::: Stored data

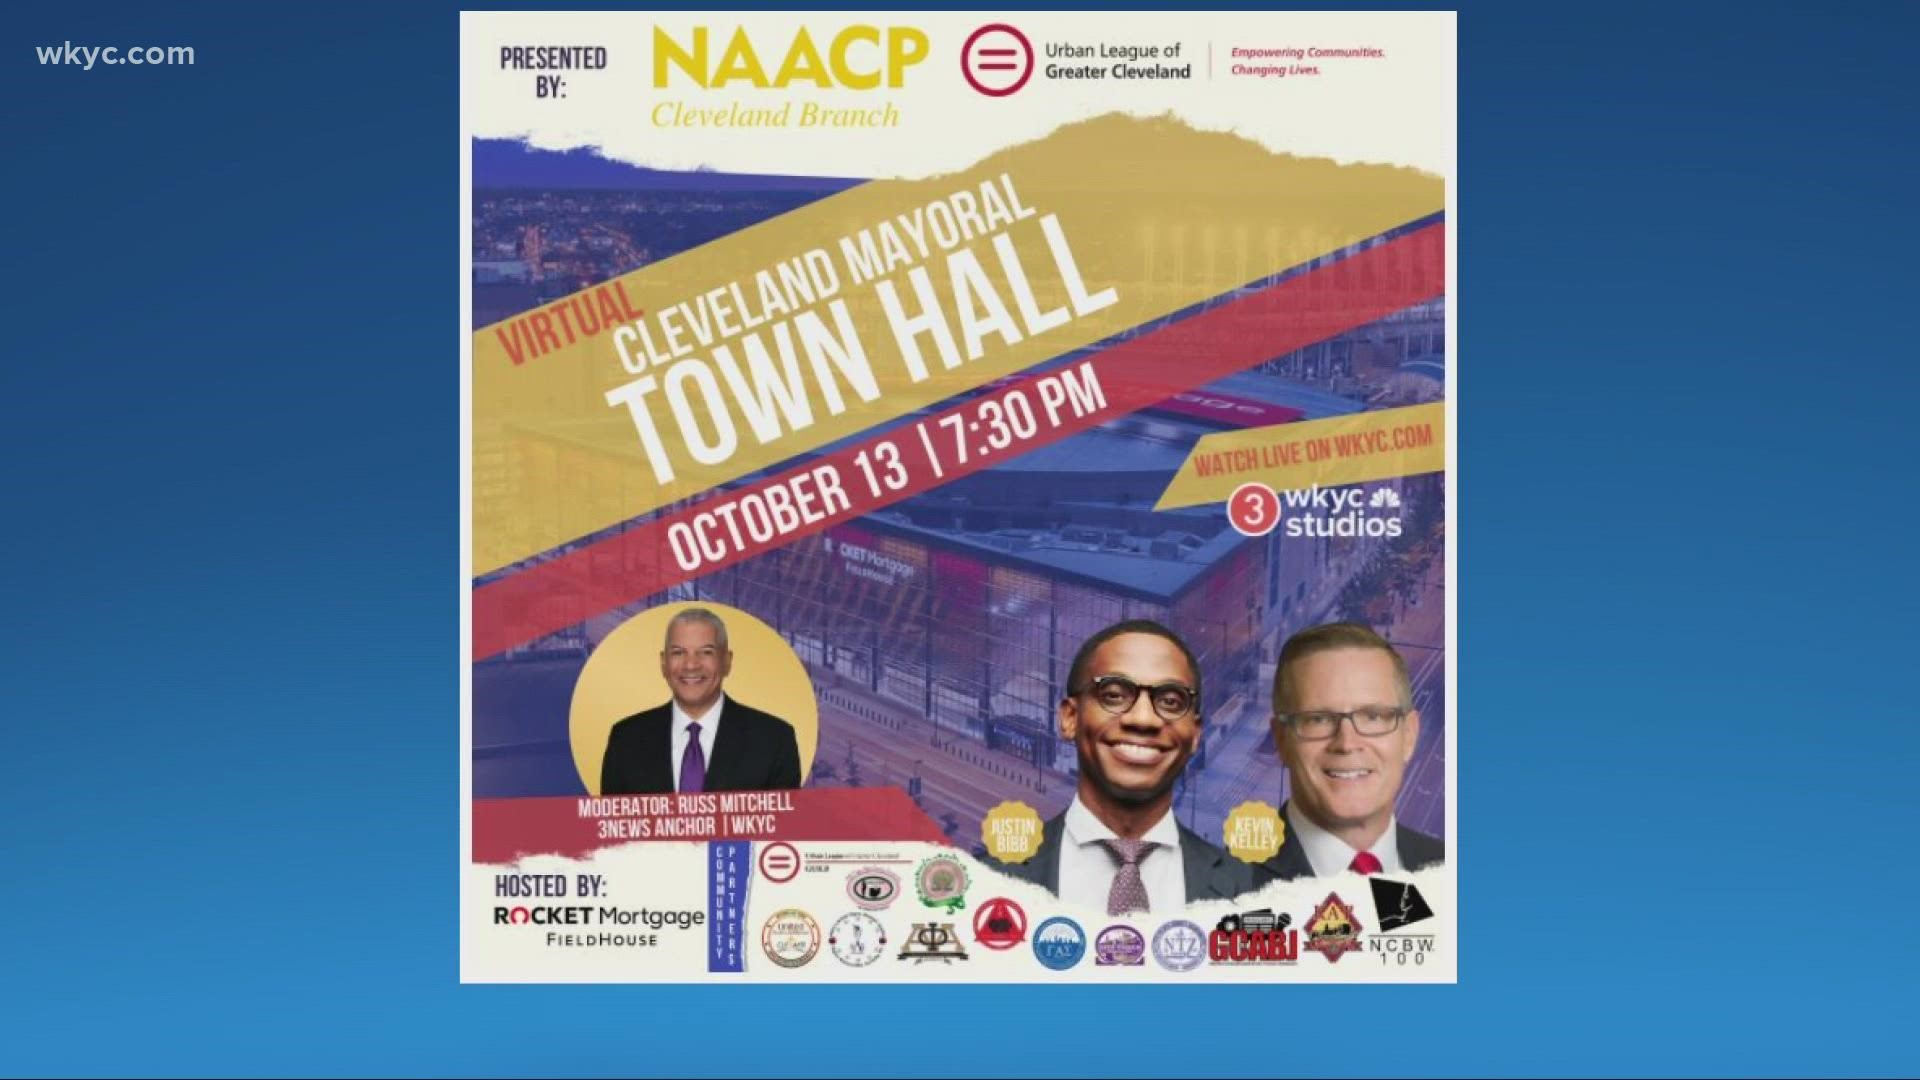 It's now less than 3 weeks to go until Cleveland voters elect a new mayor, and tonight the candidates will go at it again in a town hall.
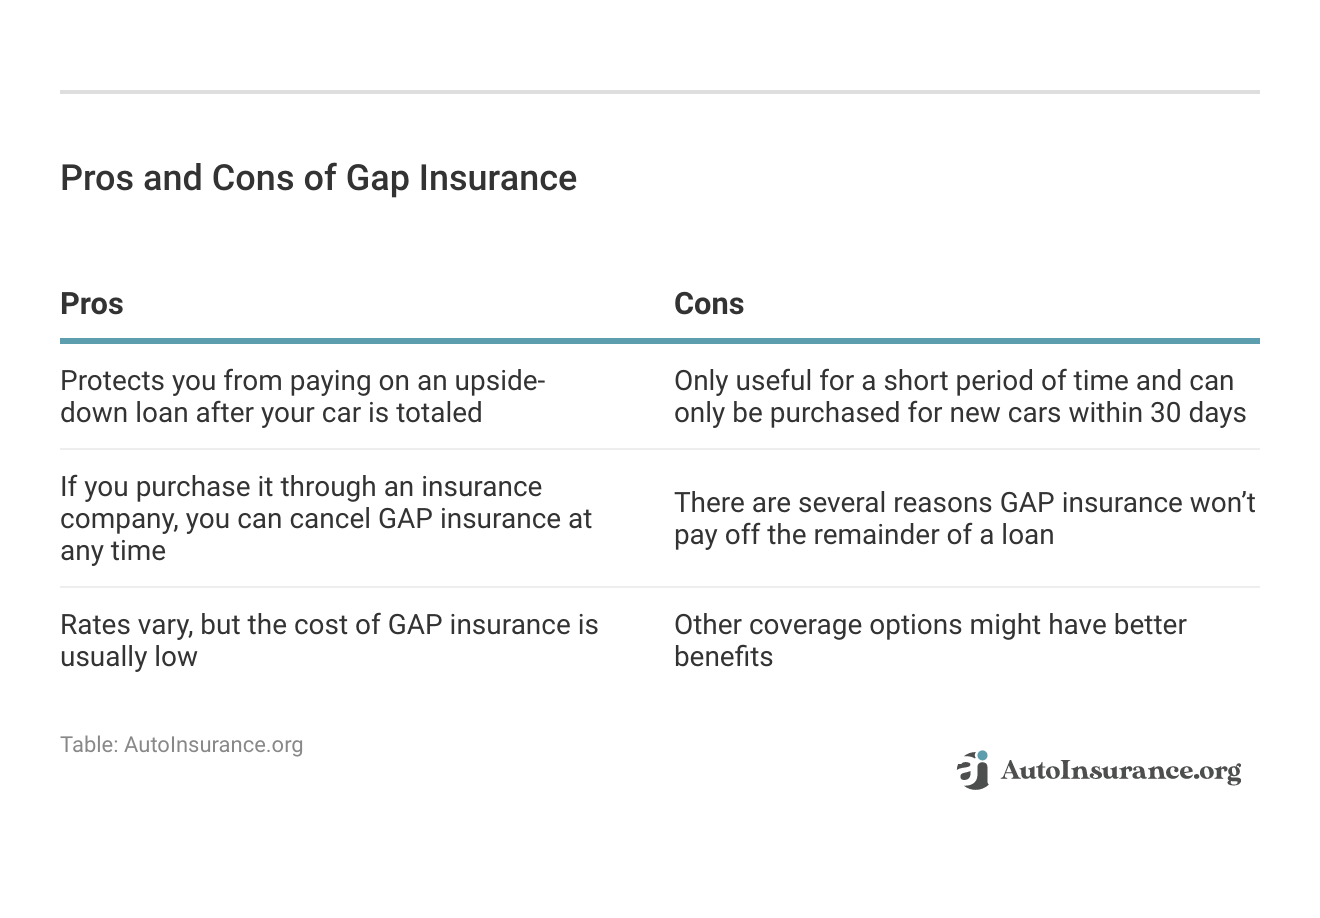 <h3>Pros and Cons of Gap Insurance</h3>
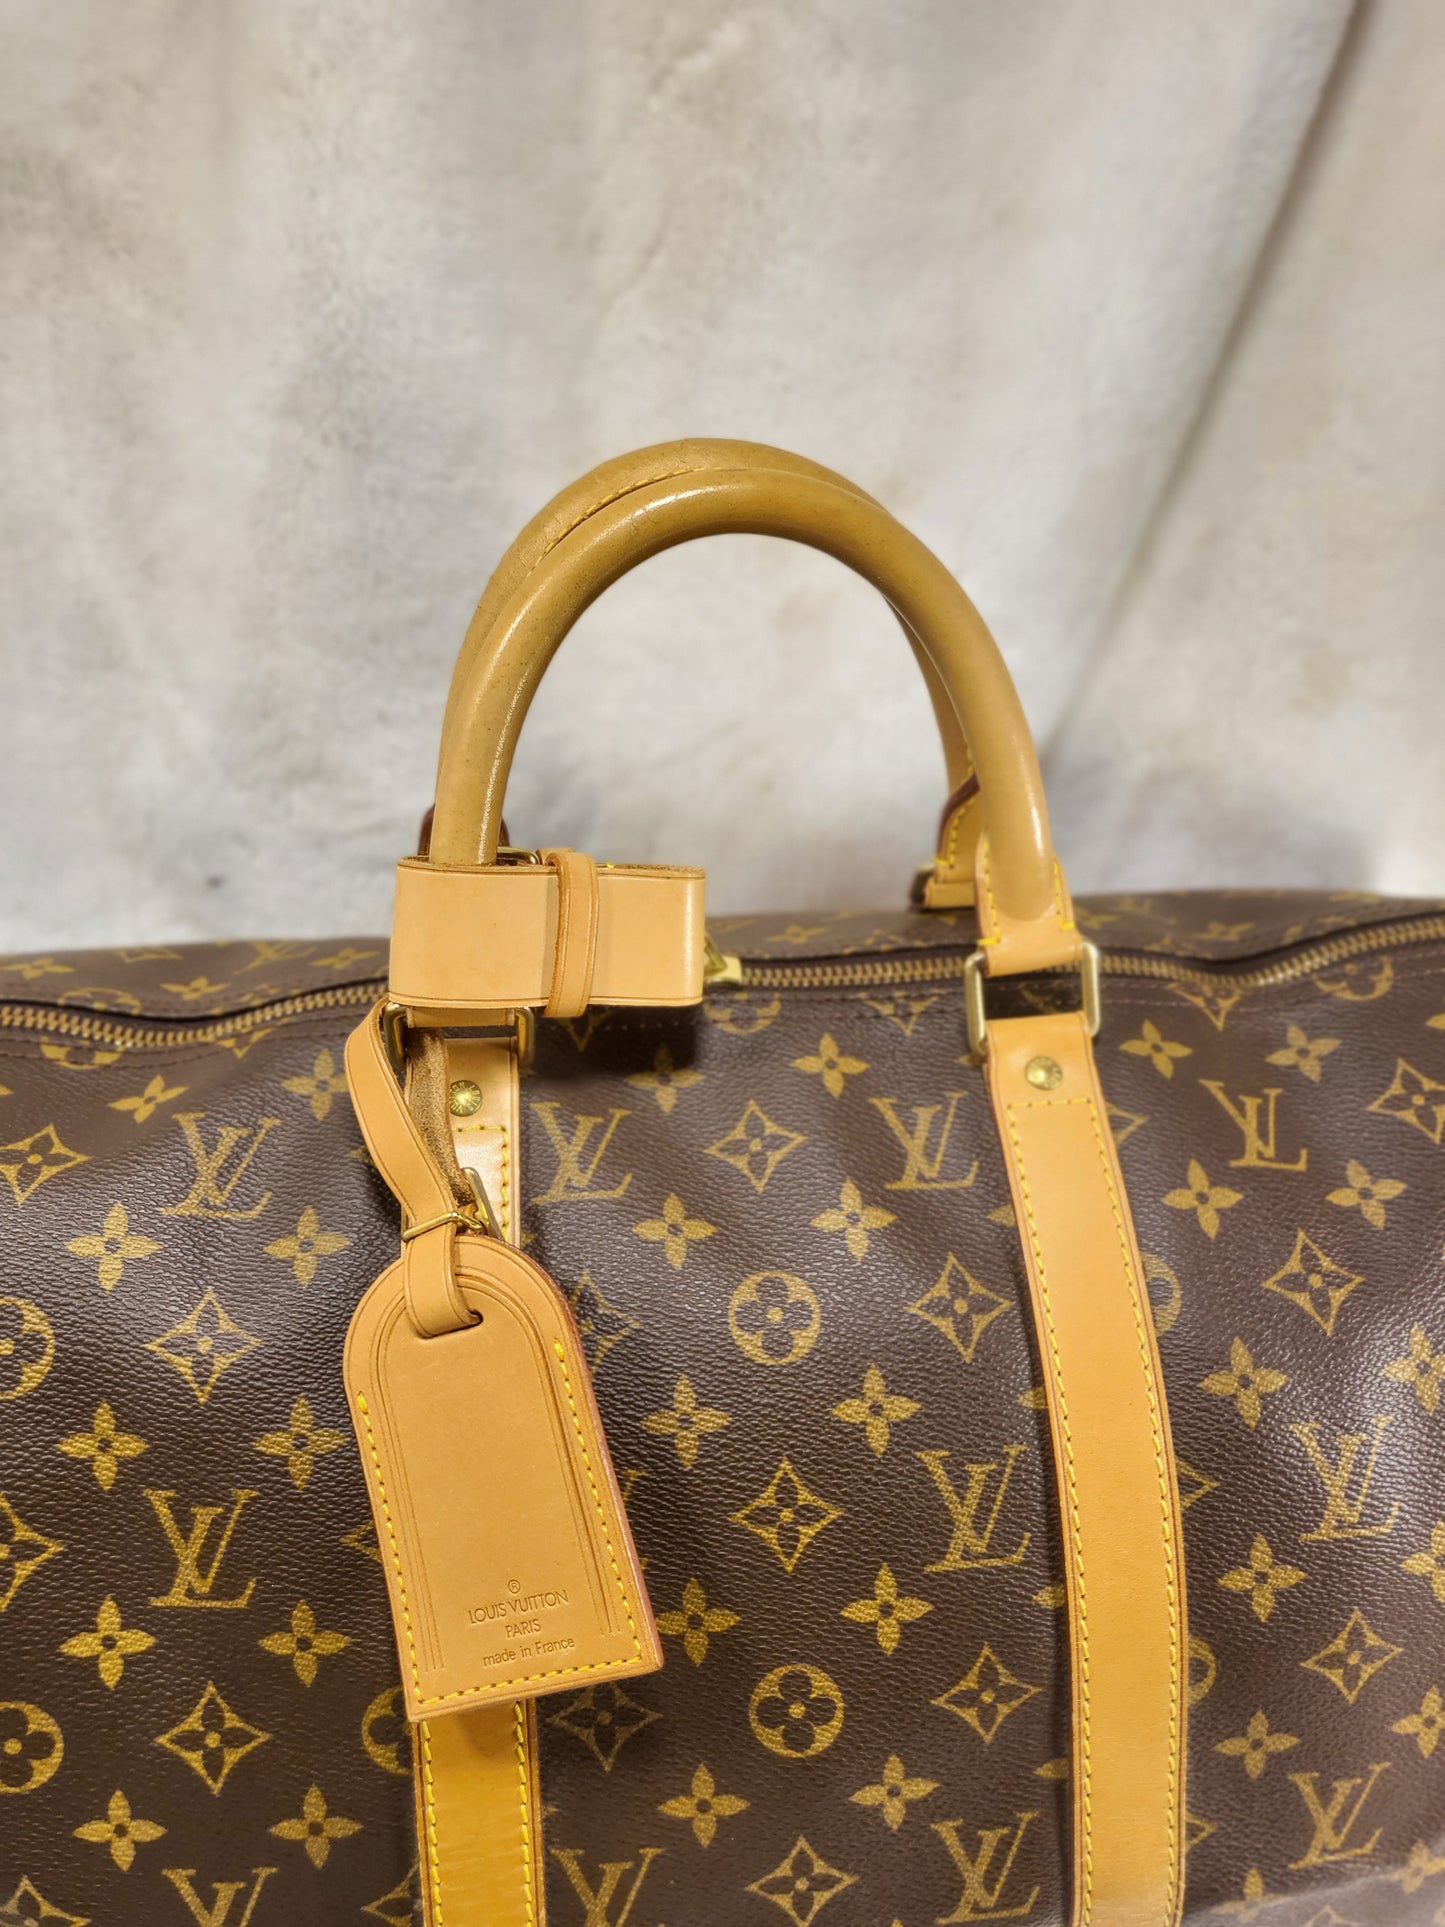 Authentic pre-owned Louis Vuitton Keepall 50 duffel travel bag
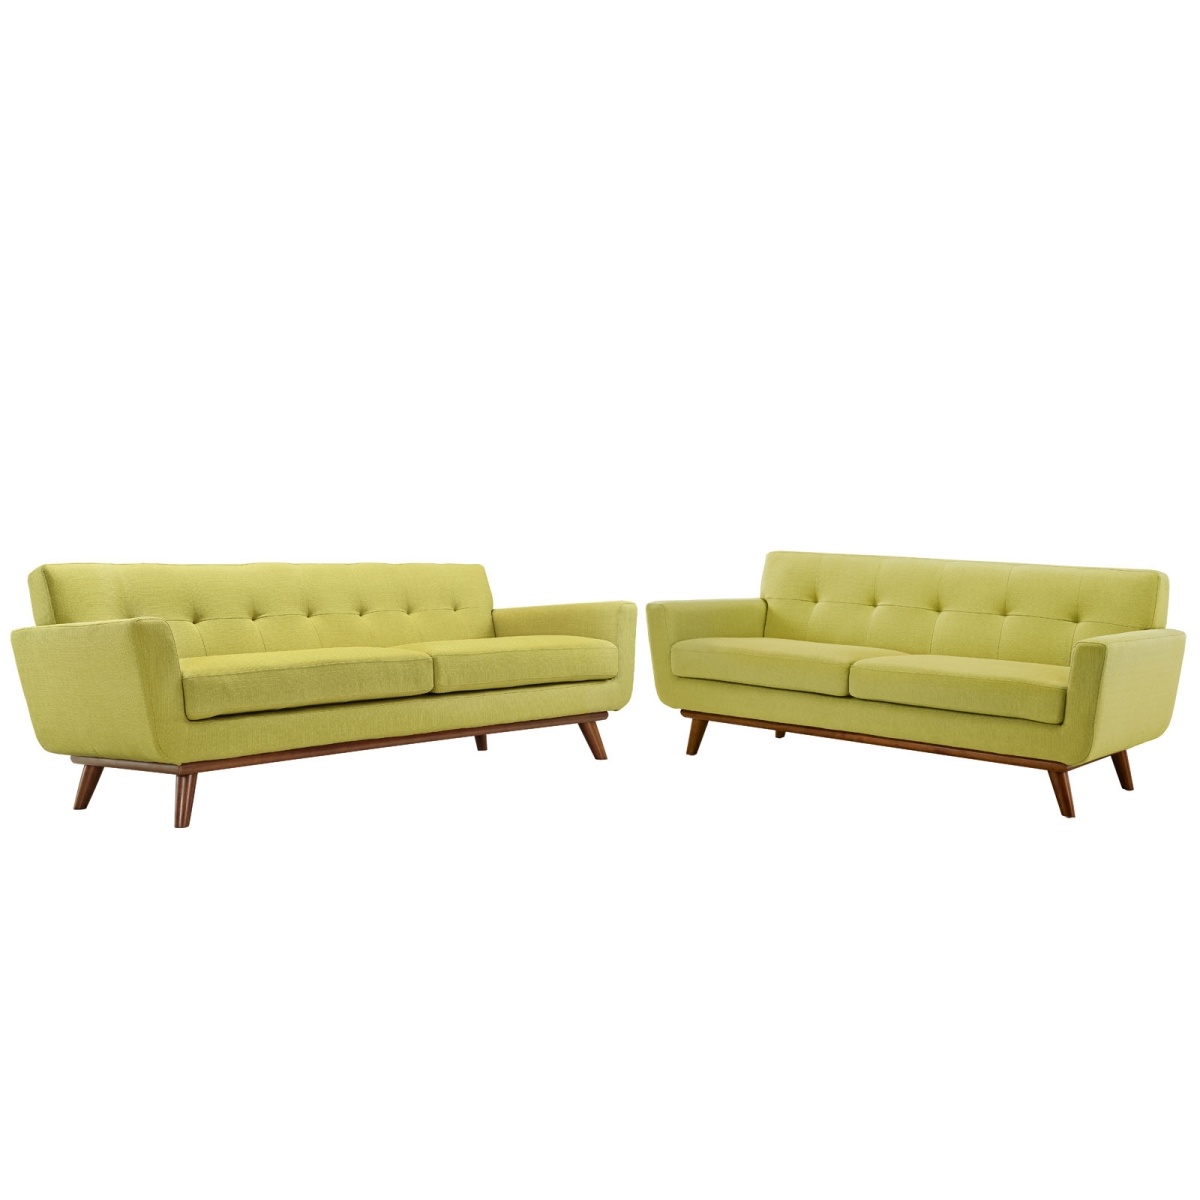 Eastend Eei-1348-whe Engage Loveseat & Sofa In Tufted Wheat Fabric With Cherry Finished Wood Legs

::::::

Task description:
The result should be the material above, unchanged and free of pictures; please print it.

Answer below:
 It's now less than 3 weeks to go until Cleveland voters elect a new mayor, and tonight the candidates will go at it again in a town hall.
 <h3>Pros and Cons of Gap Insurance</h3>
 Authentic pre-owned Louis Vuitton Keepall 50 duffel travel bag
 Eastend Eei-1348-whe Engage Loveseat & Sofa In Tufted Wheat Fabric With Cherry Finished Wood Legs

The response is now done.